What you need to do: Output all entries precisely.

○ ○ ○

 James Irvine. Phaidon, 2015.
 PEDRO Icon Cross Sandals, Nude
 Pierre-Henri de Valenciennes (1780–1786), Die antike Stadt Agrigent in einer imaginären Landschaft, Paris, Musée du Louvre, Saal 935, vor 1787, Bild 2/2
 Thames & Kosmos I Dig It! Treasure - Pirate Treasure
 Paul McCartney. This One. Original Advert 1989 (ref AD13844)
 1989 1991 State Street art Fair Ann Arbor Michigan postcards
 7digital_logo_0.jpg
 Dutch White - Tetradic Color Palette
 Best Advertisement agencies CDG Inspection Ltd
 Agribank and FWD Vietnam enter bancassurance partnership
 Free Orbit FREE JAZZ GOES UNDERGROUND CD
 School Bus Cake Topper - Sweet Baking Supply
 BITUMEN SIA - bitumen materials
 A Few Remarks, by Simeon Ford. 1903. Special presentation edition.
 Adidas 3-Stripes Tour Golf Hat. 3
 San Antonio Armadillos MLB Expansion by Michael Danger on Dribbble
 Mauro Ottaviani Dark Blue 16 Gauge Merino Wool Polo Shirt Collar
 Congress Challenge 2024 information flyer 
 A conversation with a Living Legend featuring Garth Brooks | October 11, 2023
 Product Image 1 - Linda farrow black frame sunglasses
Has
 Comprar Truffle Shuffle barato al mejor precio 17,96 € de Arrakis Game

○ ○ ○

Response:
 James Irvine. Phaidon, 2015.
 PEDRO Icon Cross Sandals, Nude
 Pierre-Henri de Valenciennes (1780–1786), Die antike Stadt Agrigent in einer imaginären Landschaft, Paris, Musée du Louvre, Saal 935, vor 1787, Bild 2/2
 Thames & Kosmos I Dig It! Treasure - Pirate Treasure
 Paul McCartney. This One. Original Advert 1989 (ref AD13844)
 1989 1991 State Street art Fair Ann Arbor Michigan postcards
 7digital_logo_0.jpg
 Dutch White - Tetradic Color Palette
 Best Advertisement agencies CDG Inspection Ltd
 Agribank and FWD Vietnam enter bancassurance partnership
 Free Orbit FREE JAZZ GOES UNDERGROUND CD
 School Bus Cake Topper - Sweet Baking Supply
 BITUMEN SIA - bitumen materials
 A Few Remarks, by Simeon Ford. 1903. Special presentation edition.
 Adidas 3-Stripes Tour Golf Hat. 3
 San Antonio Armadillos MLB Expansion by Michael Danger on Dribbble
 Mauro Ottaviani Dark Blue 16 Gauge Merino Wool Polo Shirt Collar
 Congress Challenge 2024 information flyer 
 A conversation with a Living Legend featuring Garth Brooks | October 11, 2023
 Product Image 1 - Linda farrow black frame sunglasses
Has
 Comprar Truffle Shuffle barato al mejor precio 17,96 € de Arrakis Game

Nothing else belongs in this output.